Dallas — There is a giddy sort of excitement mixed with anxiety when we confront the humanity of our idols. Whether they be artists, religious figures, musicians, great leaders, or even our parents, in most cases the reality rarely matches up to the myth. However, sometimes elements of actual personhood can make a few even more transcendent.
Such is the case with The Mountaintop, Katori Hall’s warts-and-all treatment of Martin Luther King, Jr.’s last (not so) lonely night on earth spent in the Lorraine Motel in Memphis, Tenn. on April 3, 1968. The multi-talented and multi-accomplished Hall won a 2010 Olivier Award for Best New Play, reflecting Mountaintop’s London popularity. The play’s 2011 Broadway run (starring Samuel L. Jackson and Angela Bassett) garnered a more subdued critical reaction.

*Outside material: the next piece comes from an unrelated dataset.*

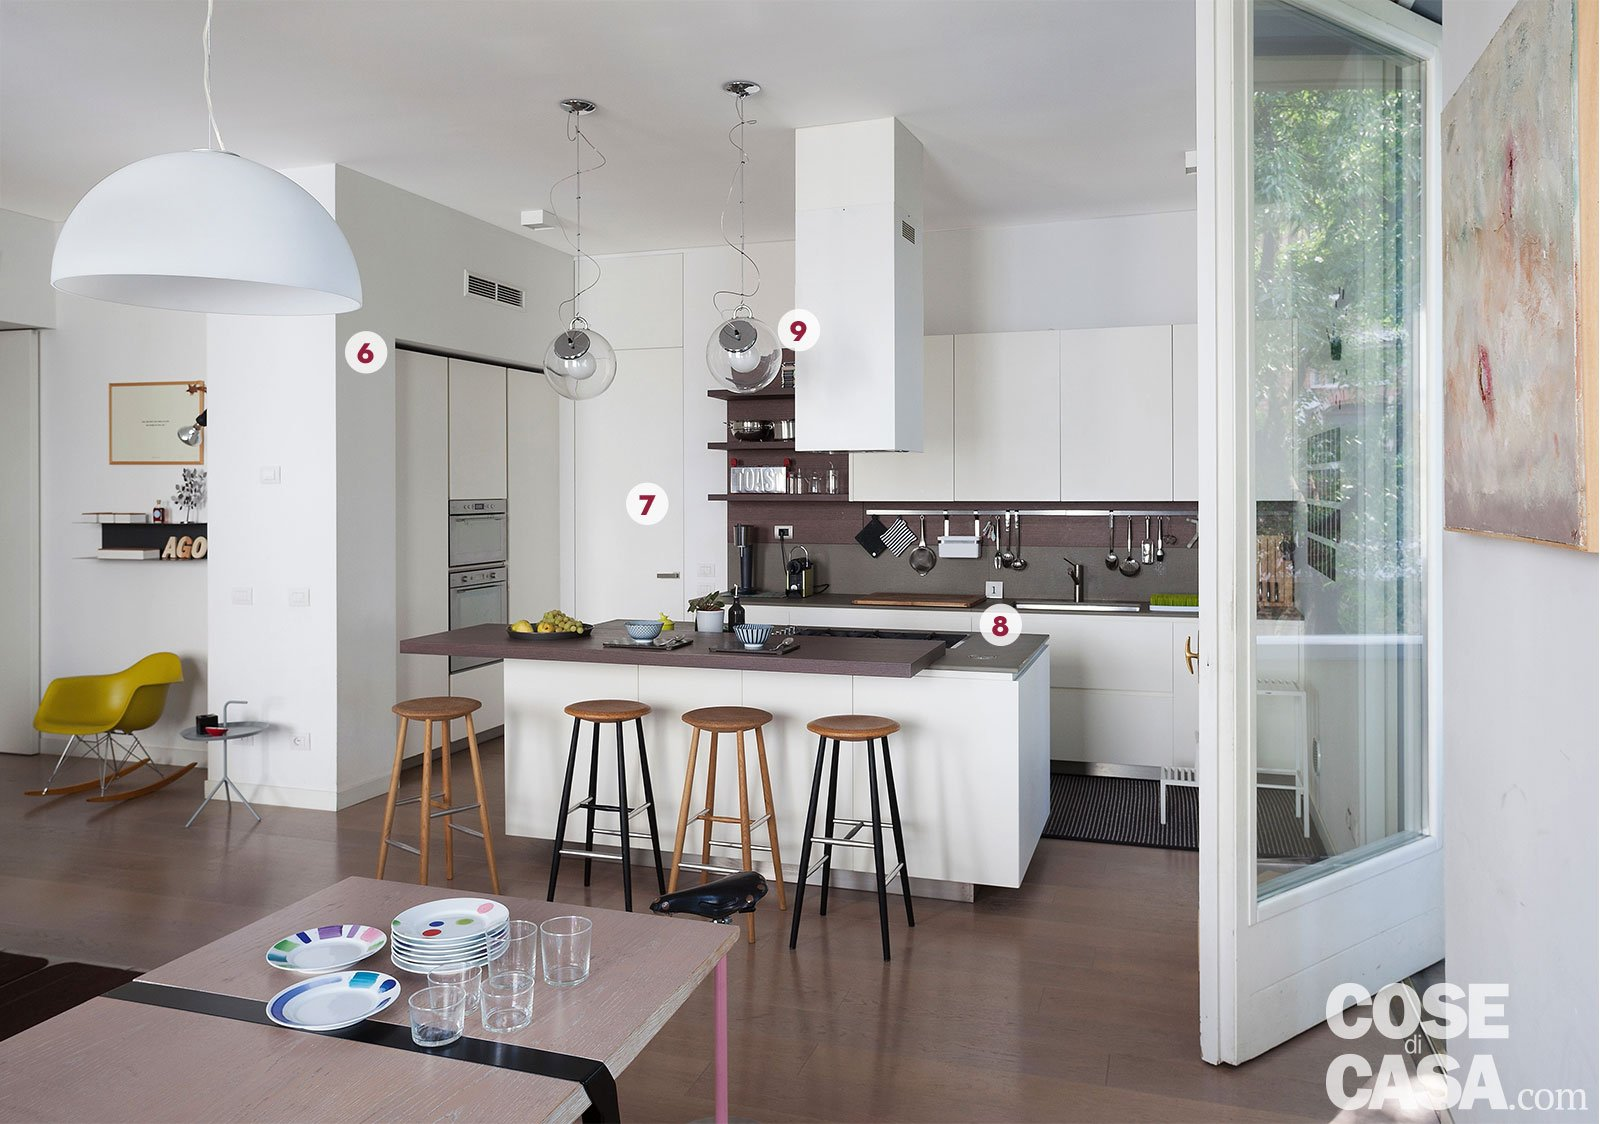 Idee cucina soggiorno ambiente unico free ingresso for Idee ambiente

Hall’s play is an intimate look at a humanized Dr. King who, in her fictionalized account, is a sweating, chain-smoking, smelly-footed man who lies to his wife and flirts with other women. It’s a precarious conceit that requires all of the extremely limited elements (two actors, 85 minutes with no intermission, and one set) to work in perfect concert.
Dallas Theater Center’s crackling production, directed with a warm touch by Akín Babatundé, comes mighty close to scaling that mountain.

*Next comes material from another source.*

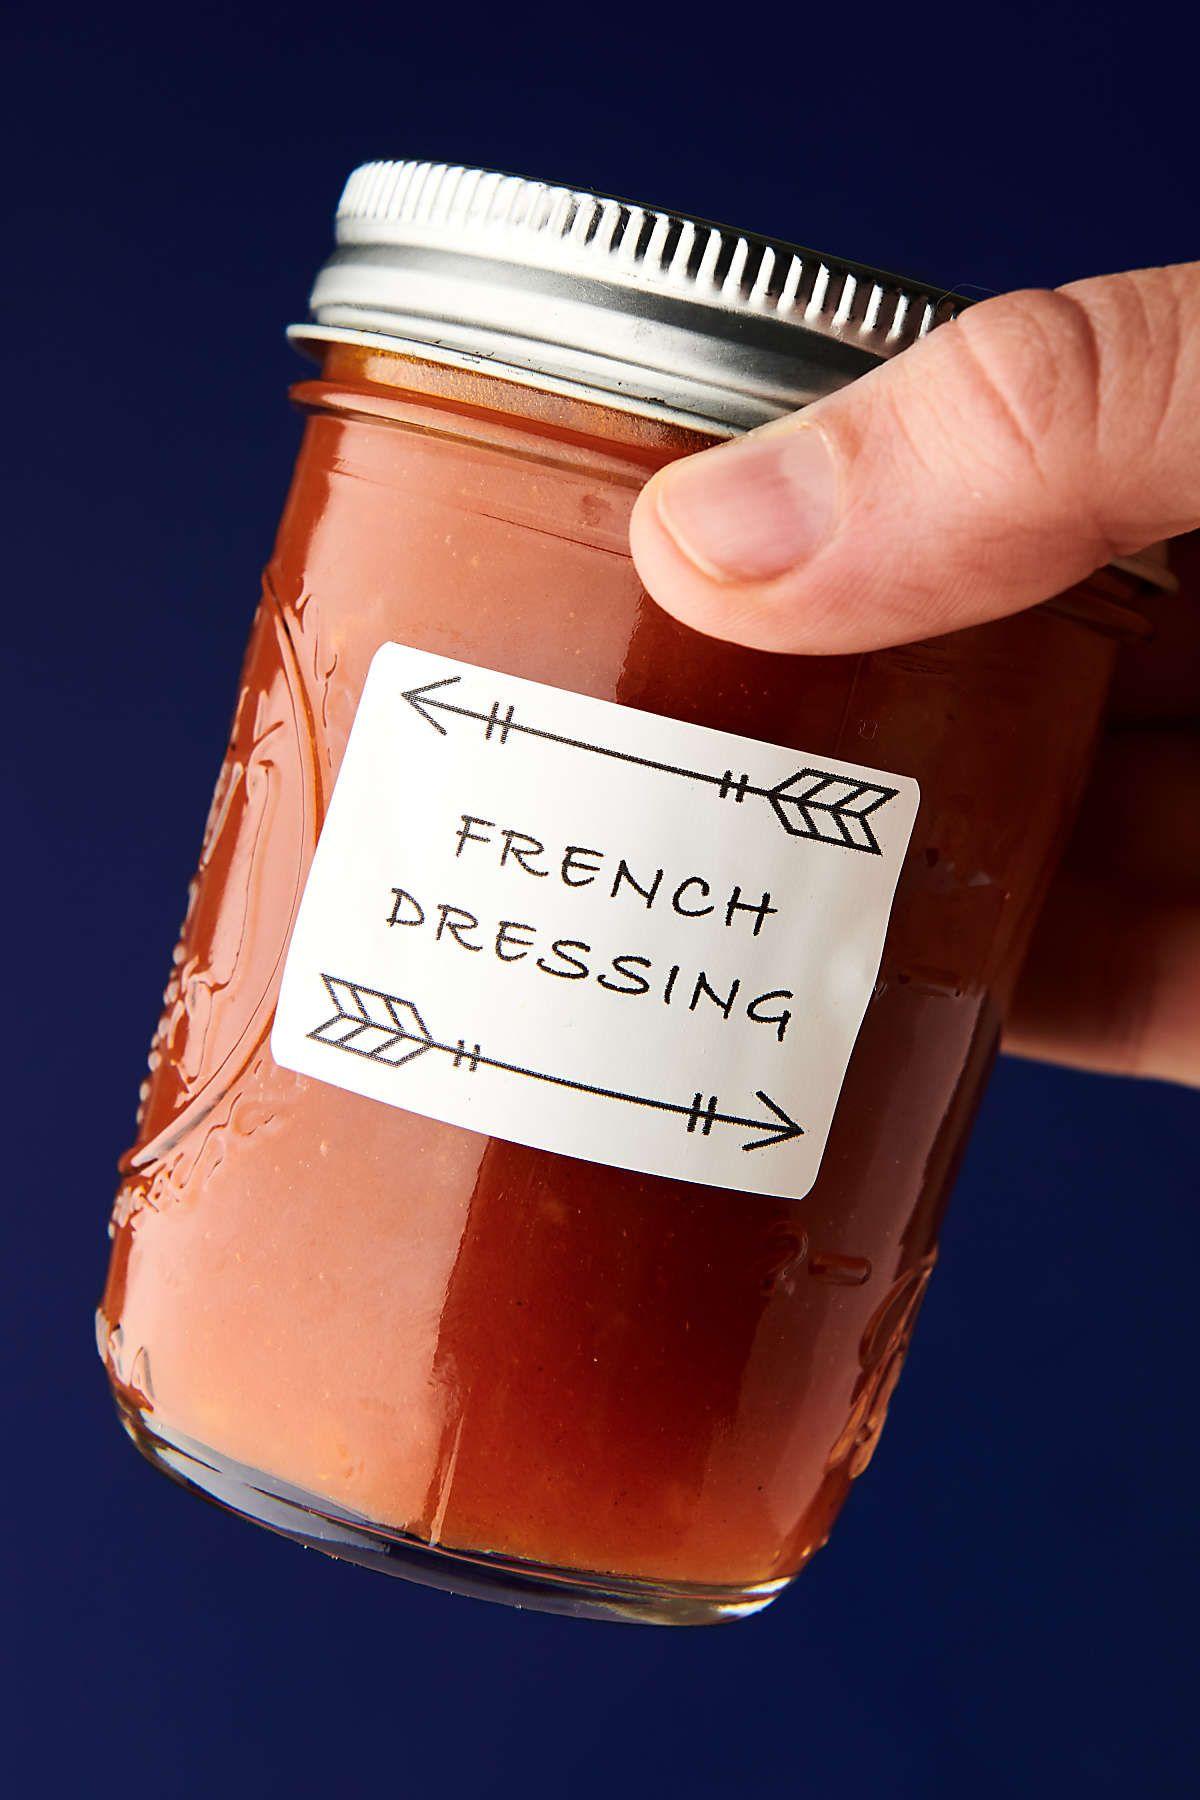 Healthy Homemade French Dressing Recipe Vegan Gluten Free Recipe In 2020 Homemade French Dressing Healthy Dressing Recipes French Dressing

The play begins with a silhouette of a man crouched over in darkness, as the lights come up we recognize the man as Dr. King (Brierley Resident Acting Company member Hassan El-Amin) because of that famous cadence and accent. It’s a stormy night, and he is suffering from paranoia (justified), a cough, and the lackluster turnout for his “I’ve Been to the Mountaintop” speech in support of the sanitation workers’ strike.
Camae (Southern Methodist University MFA student Tiana Kaye Johnson), a hotel maid on her first day, joins the reverend after he orders up some coffee. She is initially starstruck by Dr. King, but her spunky precocity soon asserts itself in their flirtatious conversations about love, civil rights, oratorical skill, and the life hereafter. It may not sound like much, but these two actors in one room for the entire play is more than enough.
El-Amin’s King is not a caricature; he captures the essence of the man who was earthly, charming, and passionate all at once. He is particularly skilled at finding the great beats between fiery testifier and a tired man fraught with the moments of quiet desperation.
Johnson as the feisty, foul-mouthed Camae is a vision. It is difficult to overshadow a character as iconic as Martin Luther King; however, Johnson electrifies the stage with her performance. There is a secret twist concerning who Camae is that few will guess that adds even more delicious texture to her personification.
Special recognition for Bob Lavallee’s “moldy motel room in Memphis” set. You can almost smell the stale cigarette smoke (and soon you will) saturating every ugly inch. Deft lighting design by Alan C. Edwards completes the sometimes shadowy and other times illuminated (and illuminating) look of the play.
Like some of Dr. King’s greatest speeches, we are transported beyond our here and now to somewhere else in this production of The Mountaintop, and knowing more about the mere man who started and inspired countless movements deepens our appreciation of the journey.